- Try it
The listing below holds a line with "Check Cecil Online" and a line with "CU4031P drawing (2)". Reproduce those two lines exactly, plus everything between them.

- Input for this task
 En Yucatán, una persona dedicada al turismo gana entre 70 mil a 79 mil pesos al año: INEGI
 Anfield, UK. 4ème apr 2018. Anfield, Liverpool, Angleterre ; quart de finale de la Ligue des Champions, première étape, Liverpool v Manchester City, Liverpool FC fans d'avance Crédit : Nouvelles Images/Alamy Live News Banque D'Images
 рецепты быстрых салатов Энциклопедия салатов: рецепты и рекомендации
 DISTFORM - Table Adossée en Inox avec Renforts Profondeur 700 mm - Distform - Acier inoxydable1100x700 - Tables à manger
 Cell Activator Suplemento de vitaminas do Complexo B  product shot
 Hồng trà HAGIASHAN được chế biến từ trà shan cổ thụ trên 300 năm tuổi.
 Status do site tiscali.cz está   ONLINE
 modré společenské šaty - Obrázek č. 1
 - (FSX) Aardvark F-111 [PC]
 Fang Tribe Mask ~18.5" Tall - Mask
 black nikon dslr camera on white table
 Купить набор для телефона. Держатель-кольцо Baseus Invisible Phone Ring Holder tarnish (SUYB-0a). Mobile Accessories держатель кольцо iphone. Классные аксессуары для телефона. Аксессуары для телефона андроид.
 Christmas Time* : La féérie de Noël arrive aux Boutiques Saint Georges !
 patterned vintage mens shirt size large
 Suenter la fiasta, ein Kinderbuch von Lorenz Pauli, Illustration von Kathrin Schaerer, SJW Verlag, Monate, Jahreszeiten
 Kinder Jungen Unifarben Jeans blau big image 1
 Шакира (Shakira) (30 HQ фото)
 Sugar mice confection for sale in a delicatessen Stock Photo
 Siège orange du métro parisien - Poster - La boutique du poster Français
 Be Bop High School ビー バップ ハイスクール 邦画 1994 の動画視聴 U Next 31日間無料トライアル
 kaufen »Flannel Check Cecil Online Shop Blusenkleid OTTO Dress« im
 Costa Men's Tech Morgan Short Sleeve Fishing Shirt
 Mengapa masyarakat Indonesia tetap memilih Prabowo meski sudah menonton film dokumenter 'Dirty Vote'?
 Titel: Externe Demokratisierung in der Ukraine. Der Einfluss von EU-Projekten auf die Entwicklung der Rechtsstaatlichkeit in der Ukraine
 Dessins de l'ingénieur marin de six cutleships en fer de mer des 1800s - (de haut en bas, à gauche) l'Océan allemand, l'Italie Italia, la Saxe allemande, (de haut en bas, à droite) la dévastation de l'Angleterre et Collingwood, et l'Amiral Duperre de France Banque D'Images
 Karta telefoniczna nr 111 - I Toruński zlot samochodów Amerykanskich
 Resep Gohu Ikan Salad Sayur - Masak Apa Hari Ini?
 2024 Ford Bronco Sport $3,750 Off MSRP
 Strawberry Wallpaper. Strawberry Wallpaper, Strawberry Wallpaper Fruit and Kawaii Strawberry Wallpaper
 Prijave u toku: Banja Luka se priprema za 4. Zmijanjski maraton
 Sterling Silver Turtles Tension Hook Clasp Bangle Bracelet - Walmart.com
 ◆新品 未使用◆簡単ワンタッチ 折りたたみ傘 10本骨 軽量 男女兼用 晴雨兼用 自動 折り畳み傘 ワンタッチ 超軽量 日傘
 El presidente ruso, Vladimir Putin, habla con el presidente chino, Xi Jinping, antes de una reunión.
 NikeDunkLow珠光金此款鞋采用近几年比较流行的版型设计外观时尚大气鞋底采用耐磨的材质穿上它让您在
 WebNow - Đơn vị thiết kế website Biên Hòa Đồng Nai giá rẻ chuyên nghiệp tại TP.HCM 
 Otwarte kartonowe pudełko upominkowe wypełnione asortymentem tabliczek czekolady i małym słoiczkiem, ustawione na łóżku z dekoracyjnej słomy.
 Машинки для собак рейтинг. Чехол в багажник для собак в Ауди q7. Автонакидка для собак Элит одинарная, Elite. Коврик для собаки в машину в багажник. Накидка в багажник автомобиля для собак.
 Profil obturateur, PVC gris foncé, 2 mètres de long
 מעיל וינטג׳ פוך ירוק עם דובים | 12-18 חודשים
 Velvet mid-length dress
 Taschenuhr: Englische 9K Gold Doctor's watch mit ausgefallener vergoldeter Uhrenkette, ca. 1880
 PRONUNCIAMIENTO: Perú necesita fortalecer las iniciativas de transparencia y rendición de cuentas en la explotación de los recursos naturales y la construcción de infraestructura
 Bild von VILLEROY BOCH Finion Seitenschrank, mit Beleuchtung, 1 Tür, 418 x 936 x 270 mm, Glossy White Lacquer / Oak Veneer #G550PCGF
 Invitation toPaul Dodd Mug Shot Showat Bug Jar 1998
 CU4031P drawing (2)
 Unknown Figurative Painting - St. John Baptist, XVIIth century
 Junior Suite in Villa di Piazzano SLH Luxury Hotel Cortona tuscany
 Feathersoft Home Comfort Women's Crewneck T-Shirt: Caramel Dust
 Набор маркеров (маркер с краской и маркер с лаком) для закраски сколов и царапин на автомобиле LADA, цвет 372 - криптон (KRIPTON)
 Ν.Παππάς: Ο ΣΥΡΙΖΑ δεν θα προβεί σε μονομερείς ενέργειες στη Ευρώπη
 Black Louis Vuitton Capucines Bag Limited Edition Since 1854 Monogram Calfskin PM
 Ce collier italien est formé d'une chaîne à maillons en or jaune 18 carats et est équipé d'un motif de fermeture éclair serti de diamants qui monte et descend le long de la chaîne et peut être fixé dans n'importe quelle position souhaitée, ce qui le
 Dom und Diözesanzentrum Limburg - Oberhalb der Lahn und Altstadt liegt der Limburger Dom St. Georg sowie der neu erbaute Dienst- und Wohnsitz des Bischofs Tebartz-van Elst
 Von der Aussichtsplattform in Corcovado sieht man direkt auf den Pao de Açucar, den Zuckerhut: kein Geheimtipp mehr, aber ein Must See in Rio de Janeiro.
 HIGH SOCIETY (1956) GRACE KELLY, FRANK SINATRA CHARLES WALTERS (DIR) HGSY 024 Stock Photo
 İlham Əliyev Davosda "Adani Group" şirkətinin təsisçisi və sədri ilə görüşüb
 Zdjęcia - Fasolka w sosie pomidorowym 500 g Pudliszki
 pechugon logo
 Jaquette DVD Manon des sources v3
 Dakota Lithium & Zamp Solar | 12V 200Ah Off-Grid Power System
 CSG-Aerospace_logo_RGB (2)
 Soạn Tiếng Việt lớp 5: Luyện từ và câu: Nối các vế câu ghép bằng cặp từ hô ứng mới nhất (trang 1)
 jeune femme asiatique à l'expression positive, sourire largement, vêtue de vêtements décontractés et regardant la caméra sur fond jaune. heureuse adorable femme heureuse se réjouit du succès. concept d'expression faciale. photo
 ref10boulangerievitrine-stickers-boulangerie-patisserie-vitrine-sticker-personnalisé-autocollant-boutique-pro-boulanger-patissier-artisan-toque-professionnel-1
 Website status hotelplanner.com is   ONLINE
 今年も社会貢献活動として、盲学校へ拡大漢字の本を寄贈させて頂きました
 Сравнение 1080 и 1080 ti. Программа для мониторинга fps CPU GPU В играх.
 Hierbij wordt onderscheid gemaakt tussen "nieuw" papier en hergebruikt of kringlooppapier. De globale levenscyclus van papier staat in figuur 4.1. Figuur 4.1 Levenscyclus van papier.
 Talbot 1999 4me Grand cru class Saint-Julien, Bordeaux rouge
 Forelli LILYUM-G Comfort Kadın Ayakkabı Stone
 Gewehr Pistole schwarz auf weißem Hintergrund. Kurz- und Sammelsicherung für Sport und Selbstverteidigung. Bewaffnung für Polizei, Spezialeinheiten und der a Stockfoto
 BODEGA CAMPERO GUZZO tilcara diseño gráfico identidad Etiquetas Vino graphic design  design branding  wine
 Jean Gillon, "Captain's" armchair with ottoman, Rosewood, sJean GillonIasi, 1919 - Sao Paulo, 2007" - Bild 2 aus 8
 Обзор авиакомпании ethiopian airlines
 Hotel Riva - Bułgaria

- Task answer
 kaufen »Flannel Check Cecil Online Shop Blusenkleid OTTO Dress« im
 Costa Men's Tech Morgan Short Sleeve Fishing Shirt
 Mengapa masyarakat Indonesia tetap memilih Prabowo meski sudah menonton film dokumenter 'Dirty Vote'?
 Titel: Externe Demokratisierung in der Ukraine. Der Einfluss von EU-Projekten auf die Entwicklung der Rechtsstaatlichkeit in der Ukraine
 Dessins de l'ingénieur marin de six cutleships en fer de mer des 1800s - (de haut en bas, à gauche) l'Océan allemand, l'Italie Italia, la Saxe allemande, (de haut en bas, à droite) la dévastation de l'Angleterre et Collingwood, et l'Amiral Duperre de France Banque D'Images
 Karta telefoniczna nr 111 - I Toruński zlot samochodów Amerykanskich
 Resep Gohu Ikan Salad Sayur - Masak Apa Hari Ini?
 2024 Ford Bronco Sport $3,750 Off MSRP
 Strawberry Wallpaper. Strawberry Wallpaper, Strawberry Wallpaper Fruit and Kawaii Strawberry Wallpaper
 Prijave u toku: Banja Luka se priprema za 4. Zmijanjski maraton
 Sterling Silver Turtles Tension Hook Clasp Bangle Bracelet - Walmart.com
 ◆新品 未使用◆簡単ワンタッチ 折りたたみ傘 10本骨 軽量 男女兼用 晴雨兼用 自動 折り畳み傘 ワンタッチ 超軽量 日傘
 El presidente ruso, Vladimir Putin, habla con el presidente chino, Xi Jinping, antes de una reunión.
 NikeDunkLow珠光金此款鞋采用近几年比较流行的版型设计外观时尚大气鞋底采用耐磨的材质穿上它让您在
 WebNow - Đơn vị thiết kế website Biên Hòa Đồng Nai giá rẻ chuyên nghiệp tại TP.HCM 
 Otwarte kartonowe pudełko upominkowe wypełnione asortymentem tabliczek czekolady i małym słoiczkiem, ustawione na łóżku z dekoracyjnej słomy.
 Машинки для собак рейтинг. Чехол в багажник для собак в Ауди q7. Автонакидка для собак Элит одинарная, Elite. Коврик для собаки в машину в багажник. Накидка в багажник автомобиля для собак.
 Profil obturateur, PVC gris foncé, 2 mètres de long
 מעיל וינטג׳ פוך ירוק עם דובים | 12-18 חודשים
 Velvet mid-length dress
 Taschenuhr: Englische 9K Gold Doctor's watch mit ausgefallener vergoldeter Uhrenkette, ca. 1880
 PRONUNCIAMIENTO: Perú necesita fortalecer las iniciativas de transparencia y rendición de cuentas en la explotación de los recursos naturales y la construcción de infraestructura
 Bild von VILLEROY BOCH Finion Seitenschrank, mit Beleuchtung, 1 Tür, 418 x 936 x 270 mm, Glossy White Lacquer / Oak Veneer #G550PCGF
 Invitation toPaul Dodd Mug Shot Showat Bug Jar 1998
 CU4031P drawing (2)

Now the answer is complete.